Question

Find the principal value of ${\sin ^{ - 1}}\left( {\cos \dfrac{{3\pi }}{4}} \right)$.

Answer 1

The range of ${\sin ^{ - 1}}x$ is between $\left( { - \dfrac{\pi }{2},\dfrac{\pi }{2}} \right)$. Equate the expression to $\theta$. Now apply the basic trigonometric identity of $\cos \theta = \sin \left( {\dfrac{\pi }{2} - \theta } \right)$ and Simplify the expression. Substitute back the value of $\cos \dfrac{{3\pi }}{4}$ and find the principal value.

Complete step-by-step answer:
A principal value of a function is the value selected at a point in the domain of a multiple-valued function, chosen so that the function has a single value at the point. he principal value of ${\sin ^{ - 1}}x$ for $x > 0$ , is the length of the arc of a unit circle centred at the origin which subtends an angle at the centre whose sine is x. For this reason ${\sin ^{ - 1}}x$ is also denoted by $\operatorname{arcsinx}$.
The principal value of ${\sin ^{ - 1}}x$ branches to,
${\sin ^{ - 1}}x \in \left( { - \dfrac{\pi }{2},\dfrac{\pi }{2}} \right)$.
Hence the principal value of the given function will be between the range$\left( { - \dfrac{\pi }{2},\dfrac{\pi }{2}} \right)$ .
Now we have been given the function, ${\sin ^{ - 1}}\left( {\cos \dfrac{{3\pi }}{4}} \right)$.
Let us take the principal value of ${\sin ^{ - 1}}\left( {\cos \dfrac{{3\pi }}{4}} \right)$ as $\theta$. Thus we get,
$\theta = {\sin ^{ - 1}}\left( {\cos \dfrac{{3\pi }}{4}} \right)$
We know the basic representation of cosine function as,
$\cos \theta = \sin \left( {\dfrac{\pi }{2} - \theta } \right),\theta \in ( - \infty ,\infty )$
Now put $\theta = \dfrac{{3\pi }}{4}$in the above expression. Hence we get,

$$\cos \dfrac{{3\pi }}{4} = \sin \left( {\dfrac{\pi }{2} - \dfrac{{3\pi }}{4}} \right) = \sin \left( {\dfrac{{4\pi - 6\pi }}{8}} \right) = \sin \left( { - \dfrac{{2\pi }}{8}} \right) \ \\\ \sin \left( { - \dfrac{{2\pi }}{8}} \right) = \sin \left( { - \dfrac{\pi }{4}} \right) \ \\\ \cos \dfrac{{3\pi }}{4} = \sin \left( { - \dfrac{\pi }{4}} \right) \ \\\$$

Now let us replace the value of $\cos \dfrac{{3\pi }}{4}$in the equation represented by $\theta$.

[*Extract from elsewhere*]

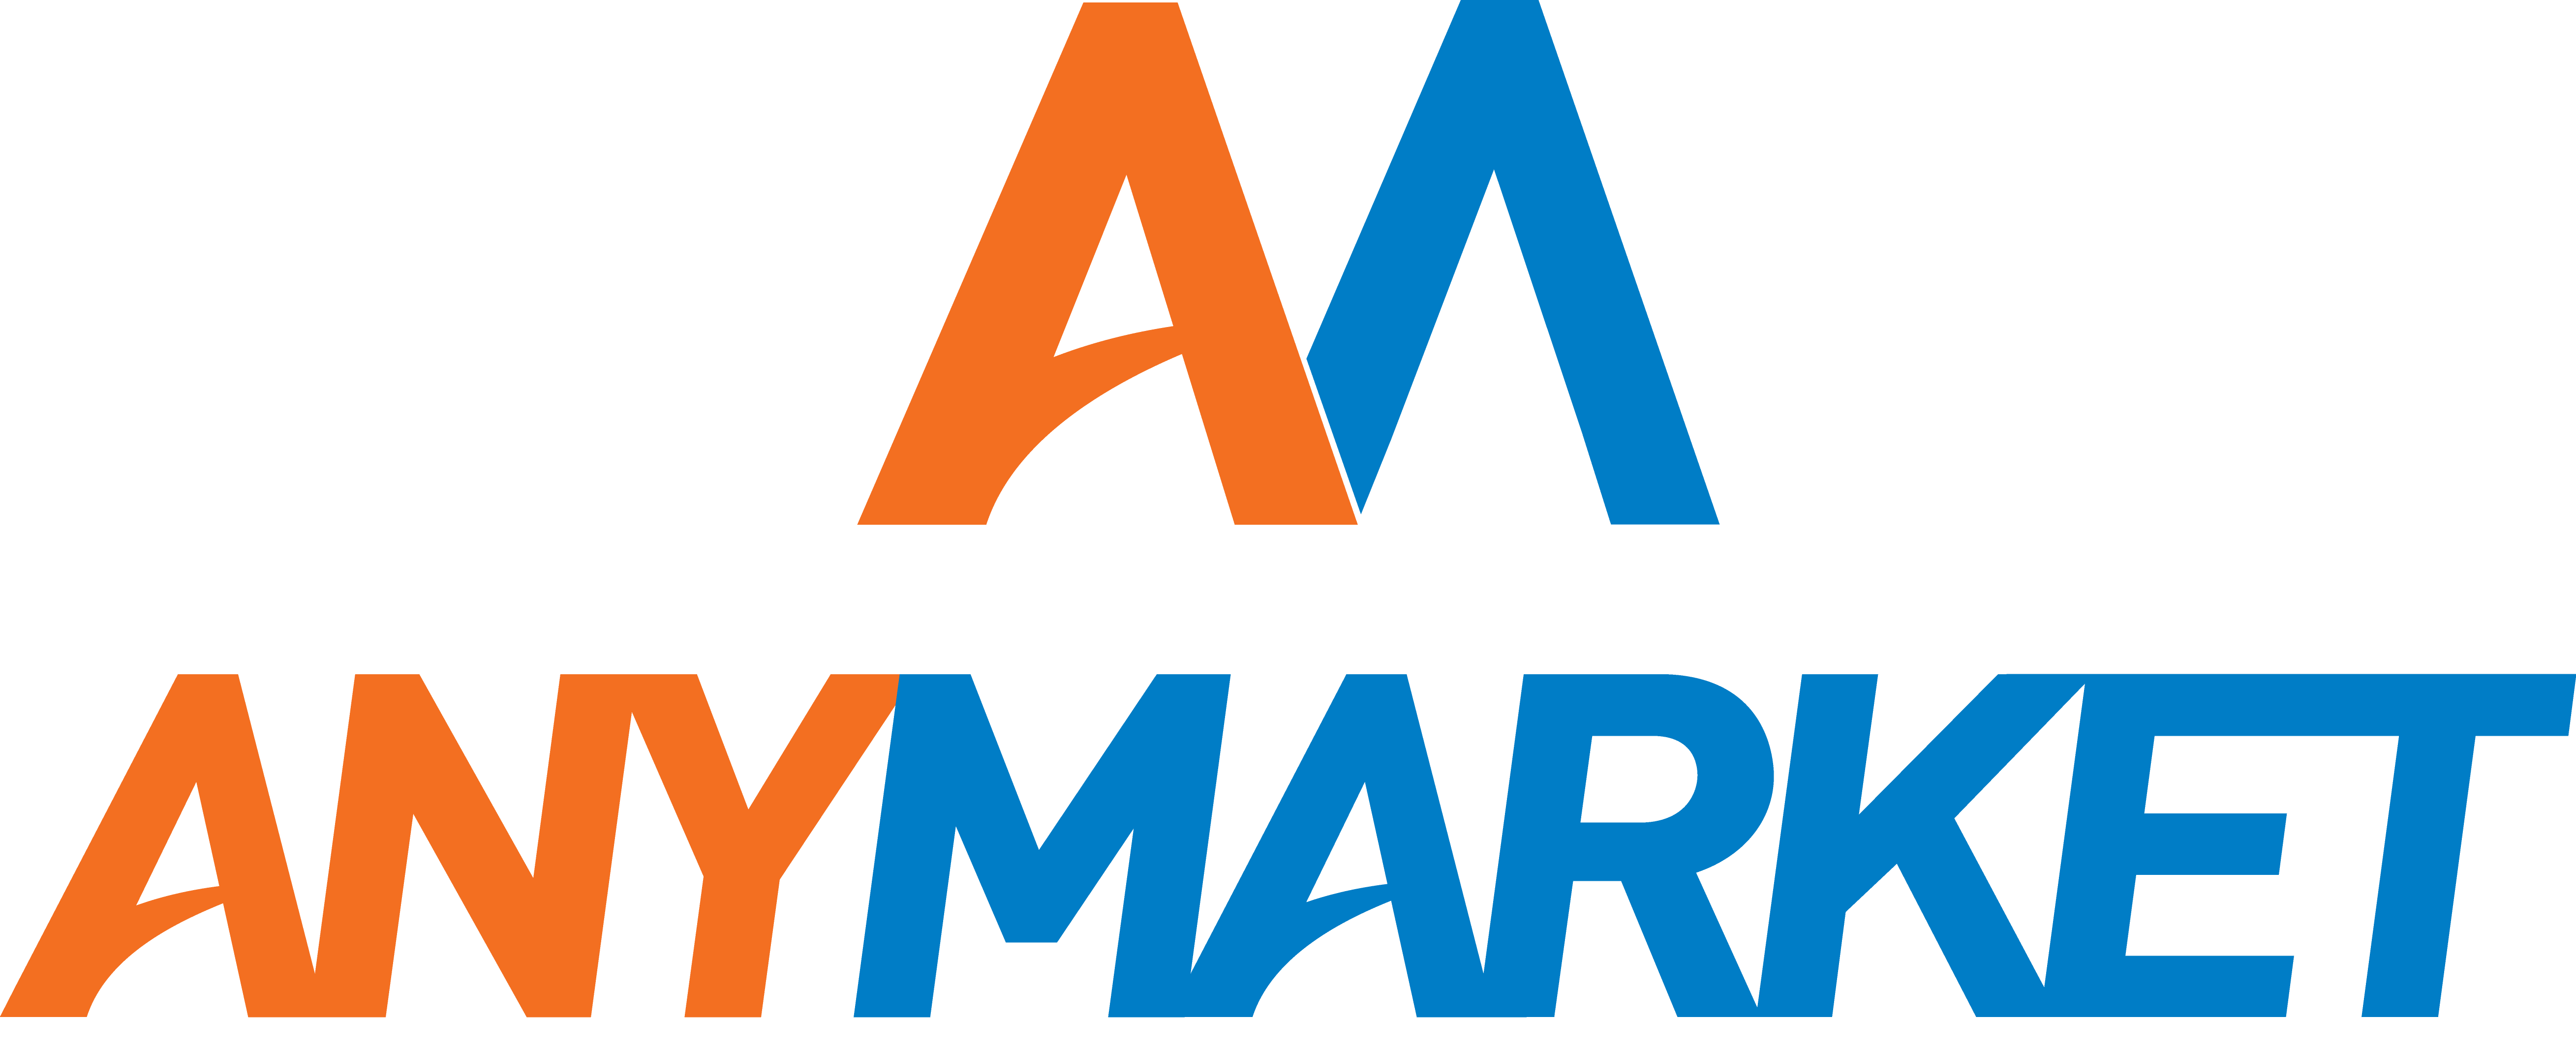 Logo parceiro da Alternativa - Anymarket Marketplace
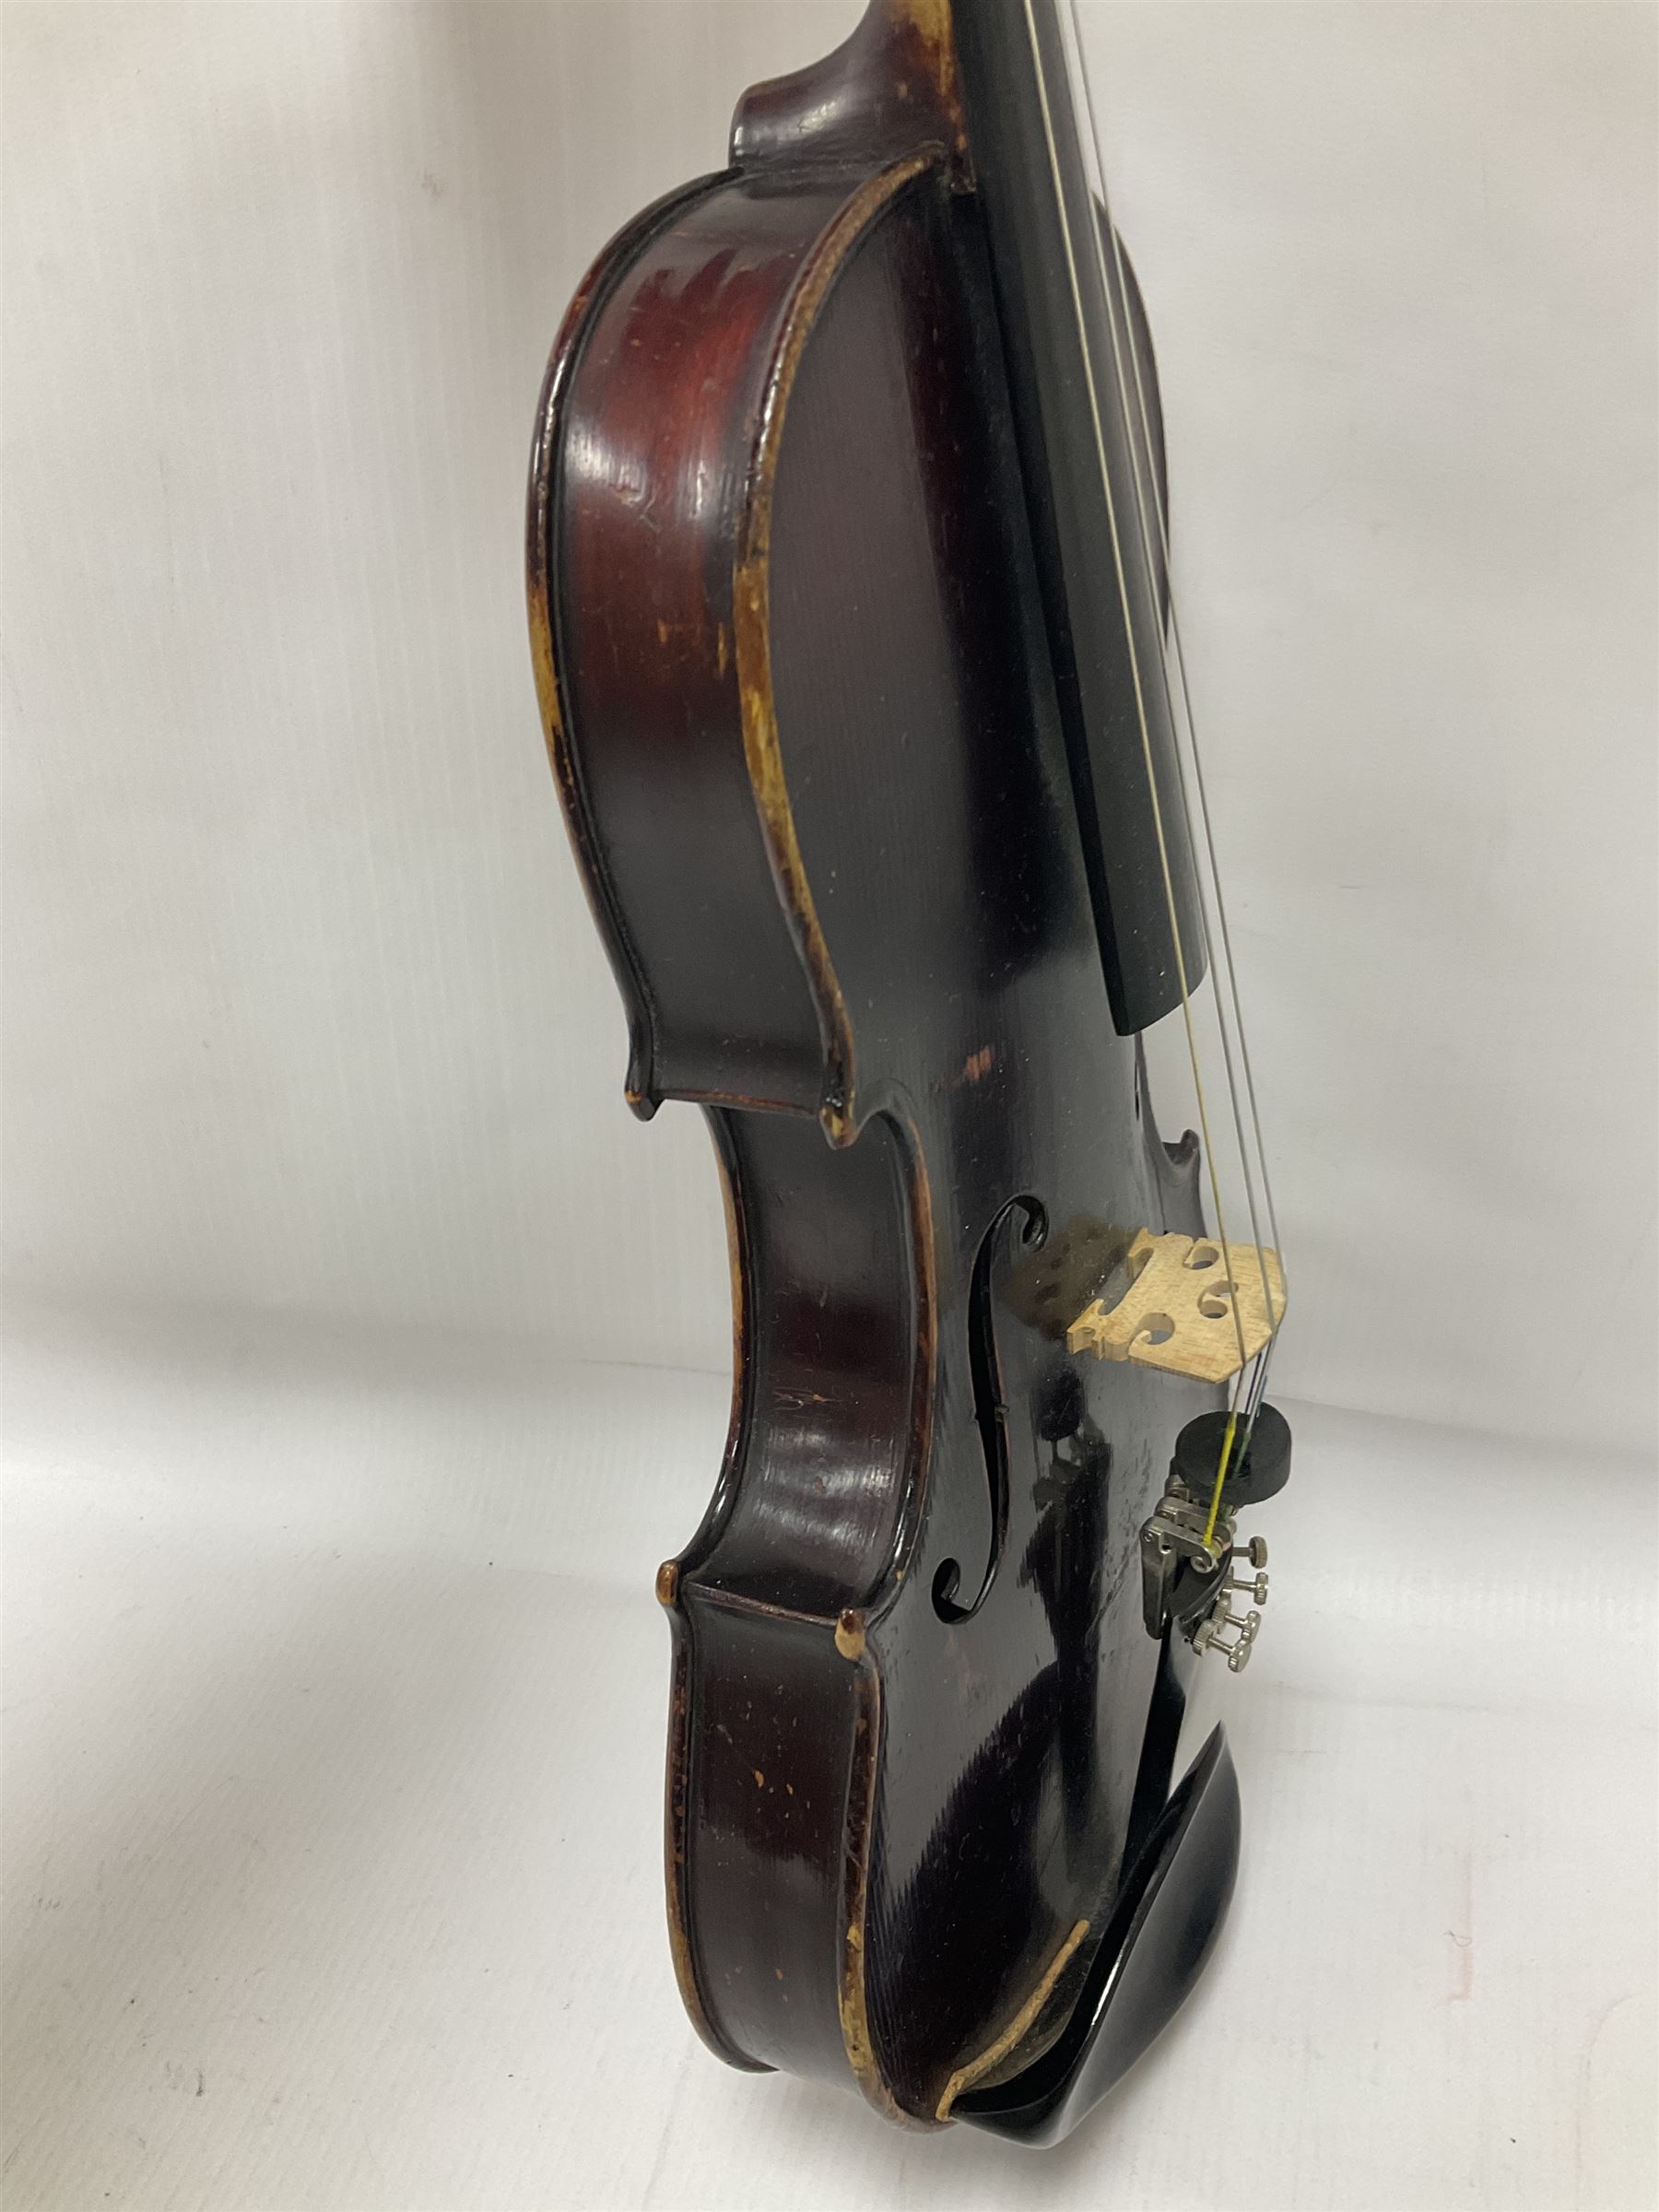 Neuner & Hornstiner early 20th century half size violin c1900 - Image 7 of 16

$$\theta = {\sin ^{ - 1}}\left( {\cos \dfrac{{3\pi }}{4}} \right) = {\sin ^{ - 1}}\sin \left( { - \dfrac{\pi }{4}} \right) \ \\\ \theta = - \dfrac{\pi }{4} \ \\\$$

Thus we got the principal value of the expression as $\left( { - \dfrac{\pi }{4}} \right)$.
$\therefore {\sin ^{ - 1}}\left( {\cos \dfrac{{3\pi }}{4}} \right) = \left( { - \dfrac{\pi }{4}} \right)$.

Note: To solve a question like these you should be familiar with the domain and range of the sine functions as well as the domain and range of the inverse sine functions. For us the range of inverse sine function is $\left( { - \dfrac{\pi }{2},\dfrac{\pi }{2}} \right)$ and the domain of inverse function of sine is $[ - 1,1]$.